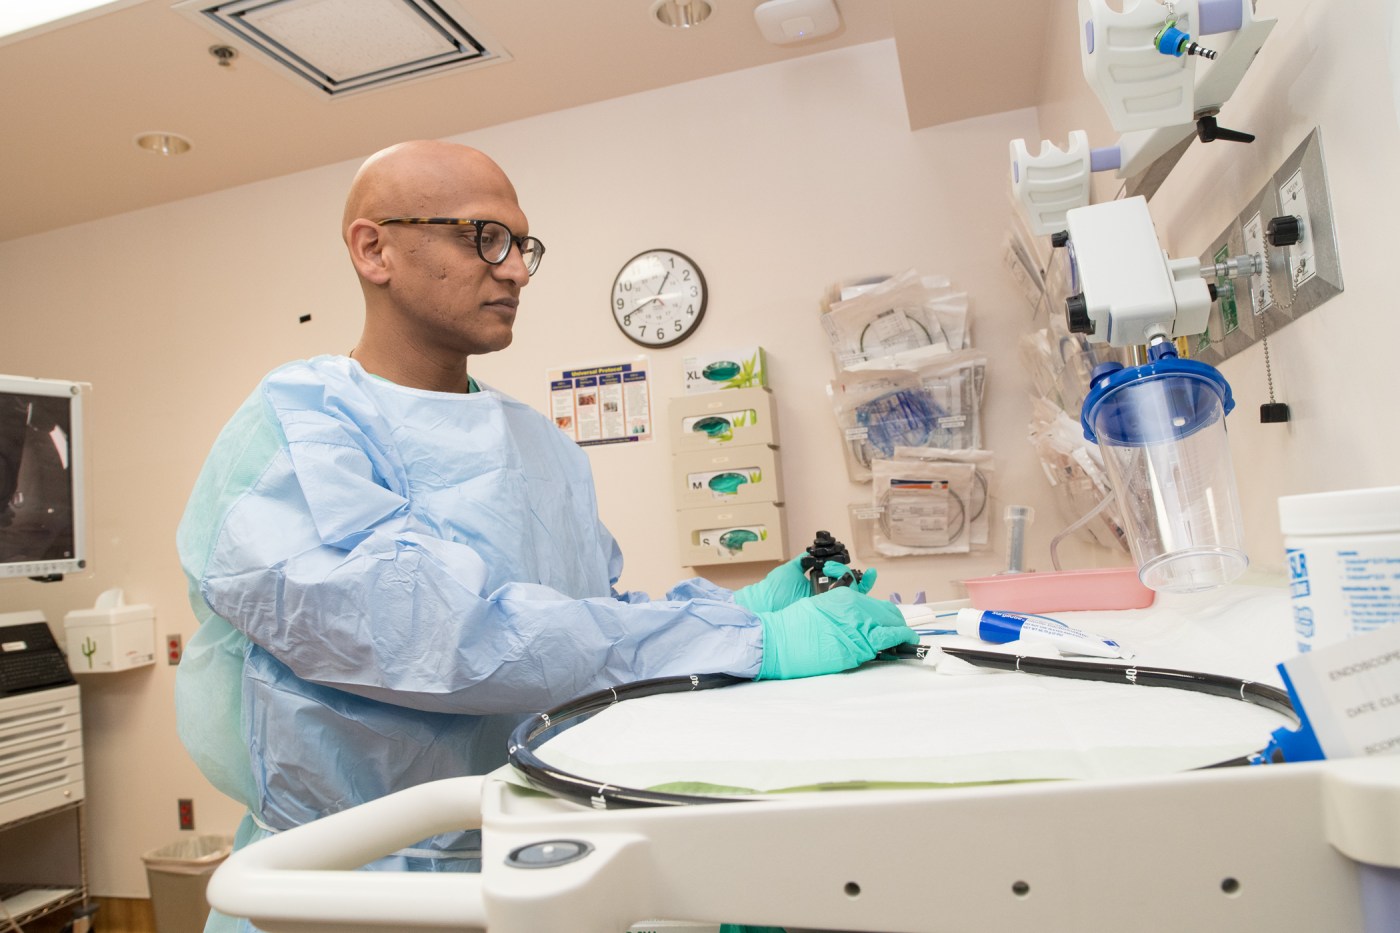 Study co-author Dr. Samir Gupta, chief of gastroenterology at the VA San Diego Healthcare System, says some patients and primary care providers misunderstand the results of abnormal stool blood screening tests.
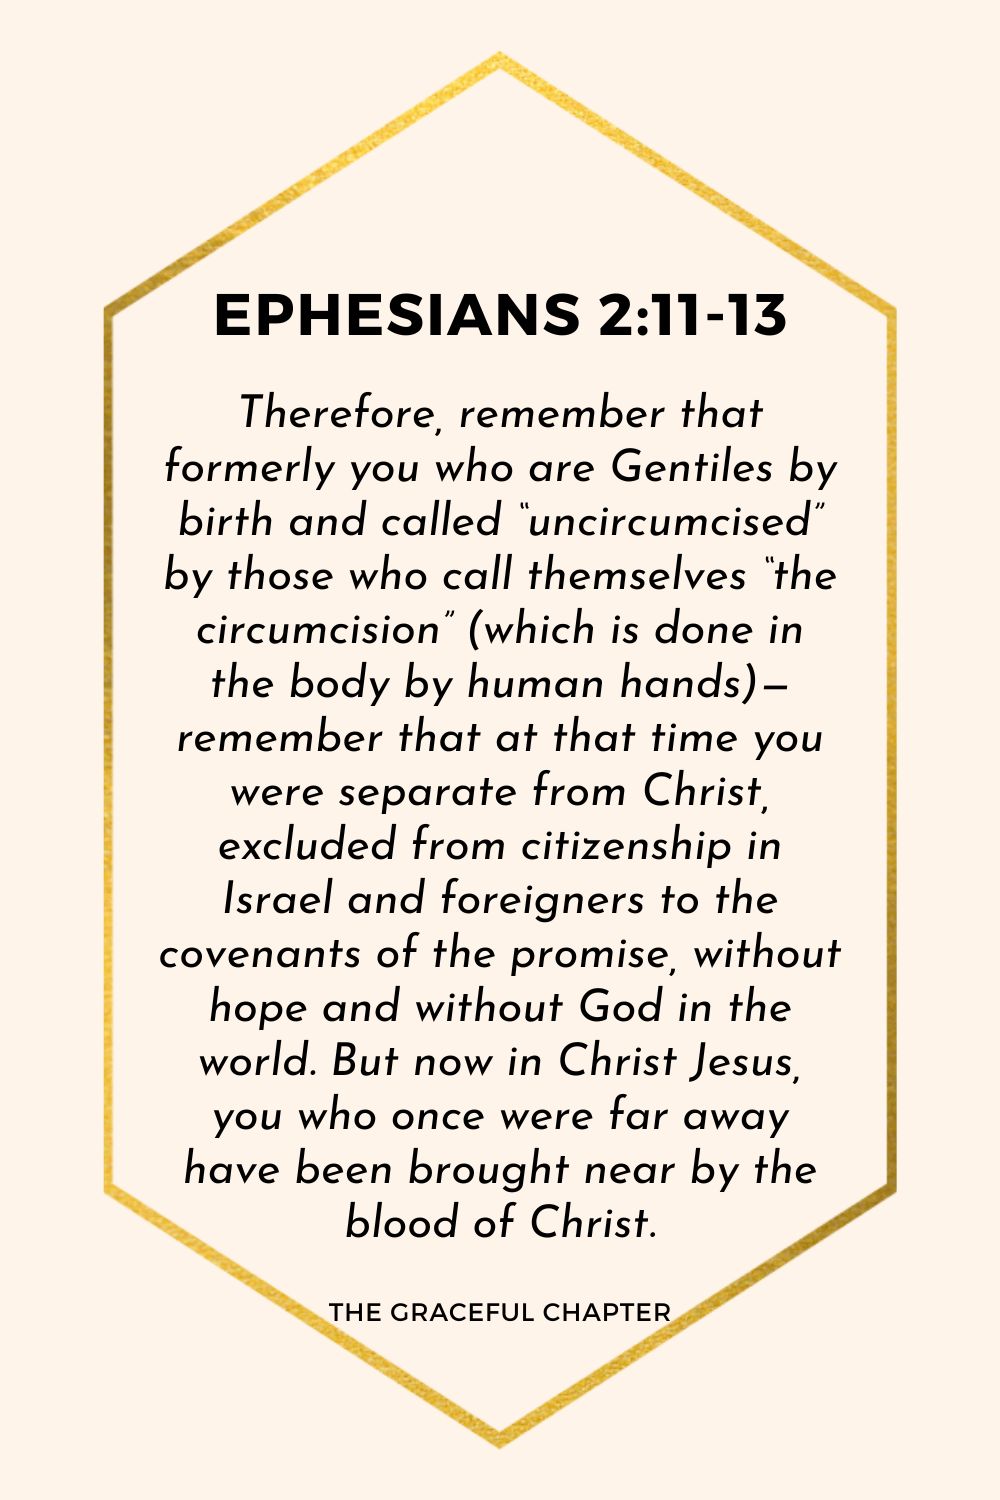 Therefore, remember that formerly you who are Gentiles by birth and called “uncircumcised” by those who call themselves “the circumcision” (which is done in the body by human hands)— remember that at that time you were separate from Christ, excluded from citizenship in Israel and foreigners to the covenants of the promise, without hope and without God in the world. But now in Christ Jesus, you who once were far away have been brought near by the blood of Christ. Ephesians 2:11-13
* * *
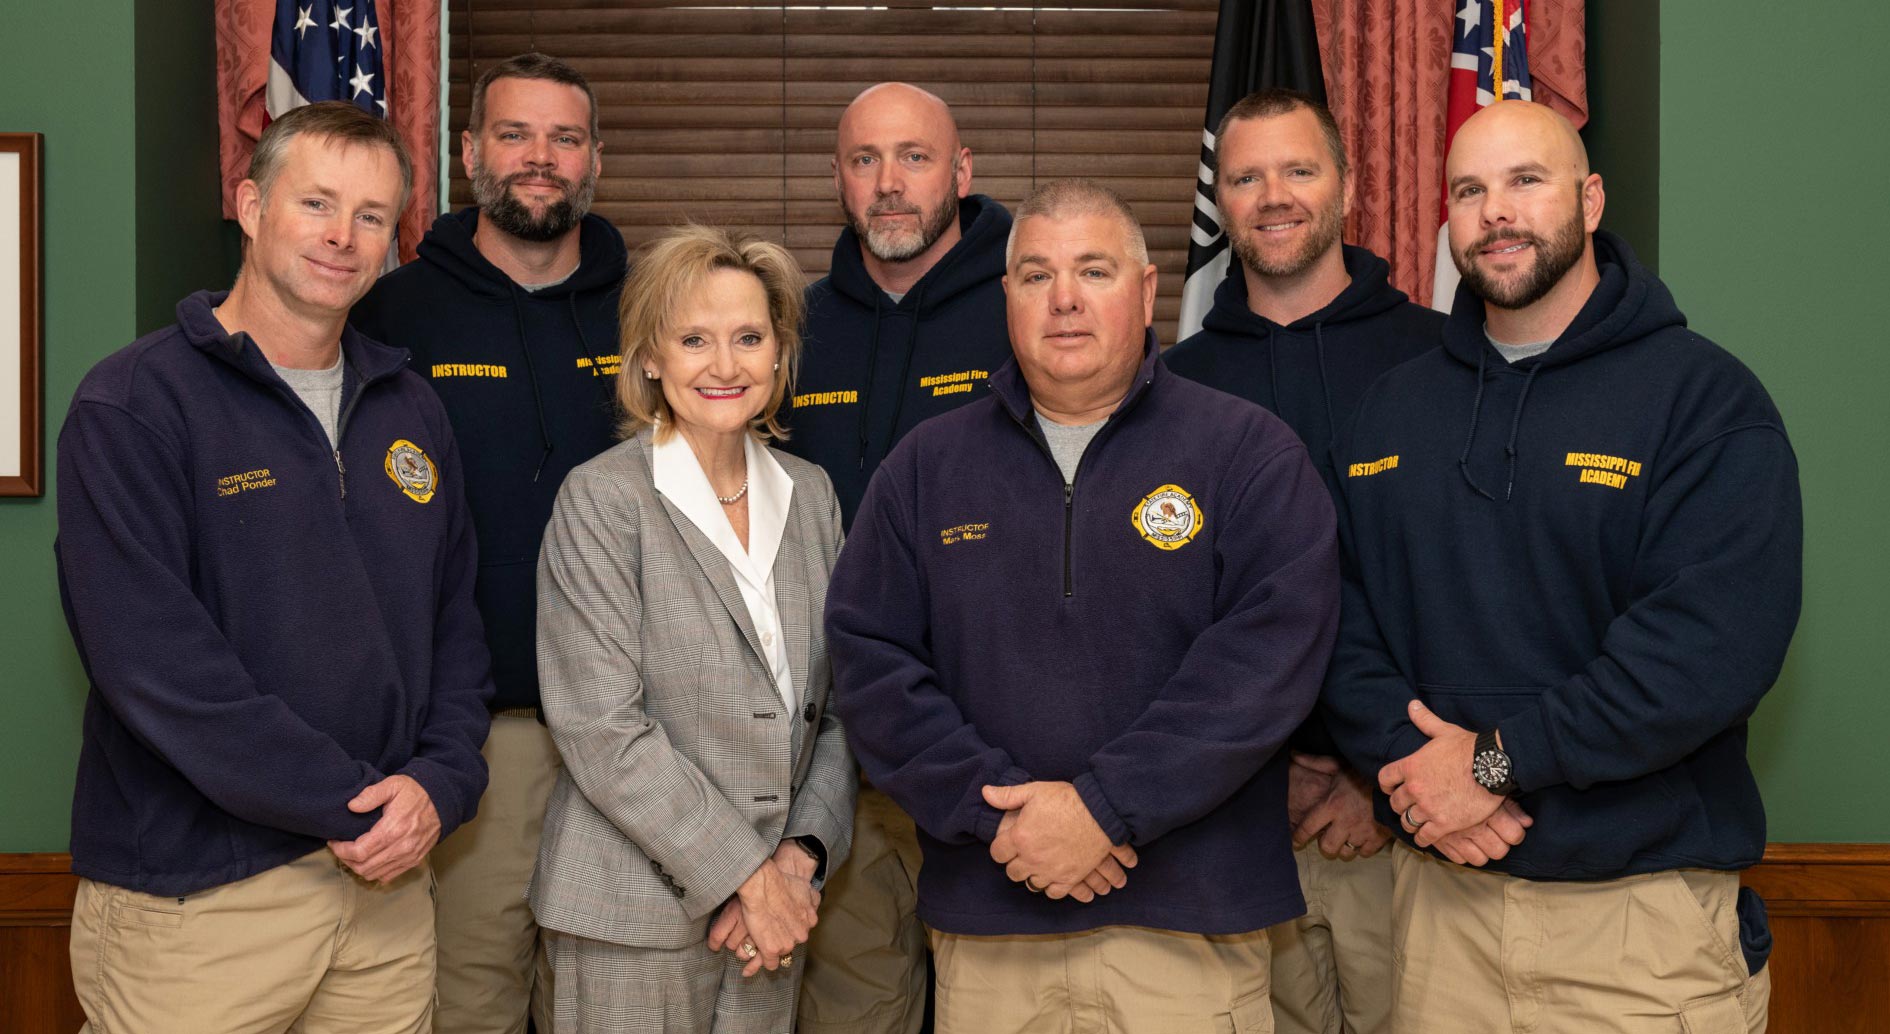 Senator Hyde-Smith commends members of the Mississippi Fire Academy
==
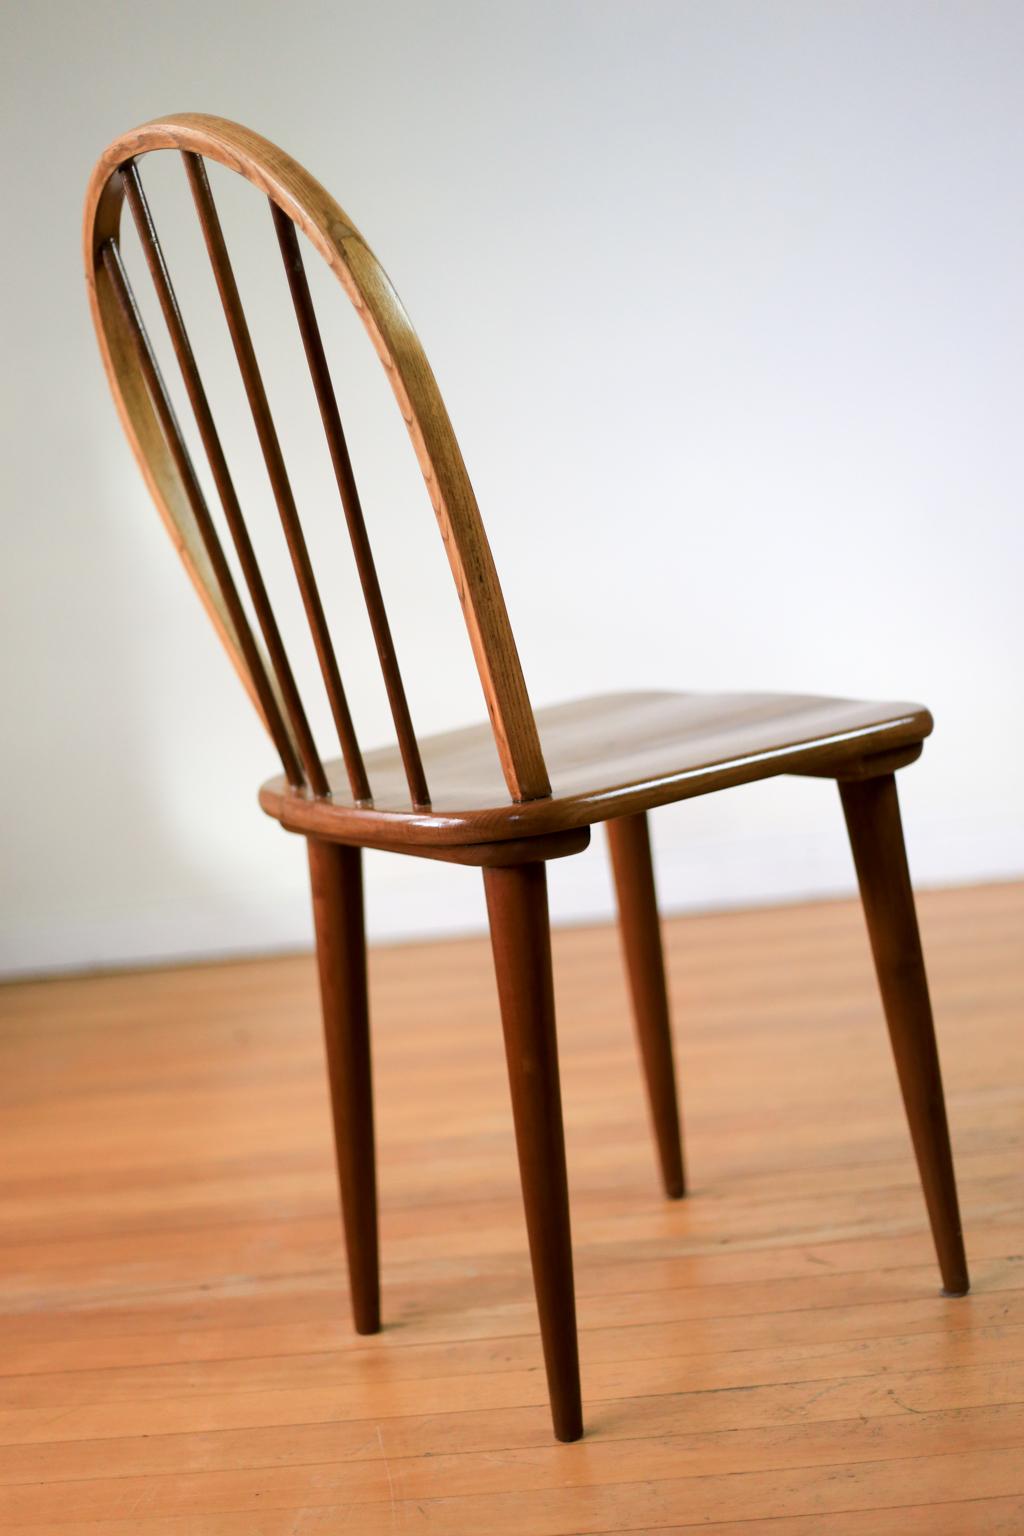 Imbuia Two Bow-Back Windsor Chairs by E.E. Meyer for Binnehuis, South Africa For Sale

=== WORK INSTRUCTIONS ===
Restate word for word the lines of the data above that begin at the line with "Study co-author Dr." and end at the line with "Therefore, remember that", keeping both ends and dropping every picture.

=== REPLY TO THE EXERCISE ===
 Study co-author Dr. Samir Gupta, chief of gastroenterology at the VA San Diego Healthcare System, says some patients and primary care providers misunderstand the results of abnormal stool blood screening tests.
 Therefore, remember that formerly you who are Gentiles by birth and called “uncircumcised” by those who call themselves “the circumcision” (which is done in the body by human hands)— remember that at that time you were separate from Christ, excluded from citizenship in Israel and foreigners to the covenants of the promise, without hope and without God in the world. But now in Christ Jesus, you who once were far away have been brought near by the blood of Christ. Ephesians 2:11-13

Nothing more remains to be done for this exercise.